The company aims to begin first-in-human trials of its sensored cell therapy within five years. Its goal is “a functional cure that lasts as long as possible" providing “diabetes-free” life without lifelong immunosuppressive drugs. Digovich says the company is setting a high bar for safety and efficacy before she would personally undergo such a transplant.

Investors have rallied around the company’s patient-led approach.

“So many people involved in minutia have that motivation, I think it gives us a sense of grit and strong resilience,” Digovich said.

About half those working at Minutia live with Type 1 themselves, as well as many of its angel investors.

Even amid a funding crunch squeezing biotech startups, Digovich said the company is determined to follow through in providing its treatment to the millions suffering from Type 1 diabetes. "

"If we have a cash crunch, like I’m, you know, I’m gonna put all my savings into the company," she said. “If I have to stop paying myself I will.”

In the long run, Digovich hopes to provide access globally to the "No. 1 thing I want to exist" — affordable cell therapy that could save millions of lives.

"To be able to get a product to market that can reverse my own diabetes, but is also such a good product that it can be delivered to low- and middle-income countries, this is one of the main challenges we face,” she said.

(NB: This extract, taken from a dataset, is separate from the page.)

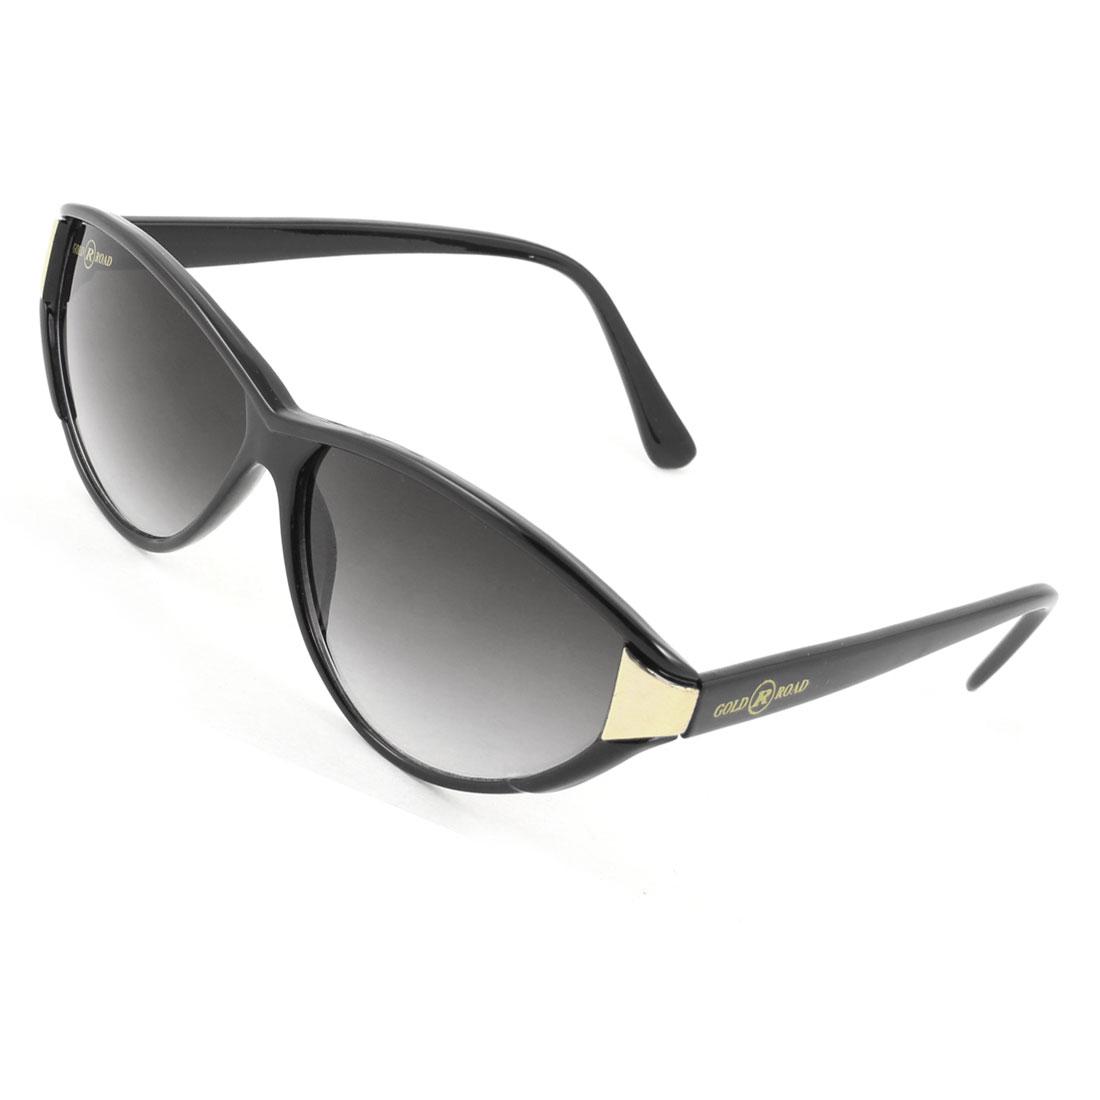 Lady Women Wayfarer Black Full Rim Protector Sunglasses Eyeglasses Glasses

If their treatment can successfully pass the rigorous regulatory hurdles of clinical trials it can one day replace insulin injections with a one-time minimally invasive procedure that could revolutionize treatment in poorer nations lacking access to daily treatments.

It’s a lofty goal, but the Minutia team is driven by their personal experiences in the difficulties of living with the disease and the necessity of finding a cure.

As Digovich puts it, “It is humbling. And it is an honor and a privilege to do work that has the potential to impact people’s lives.”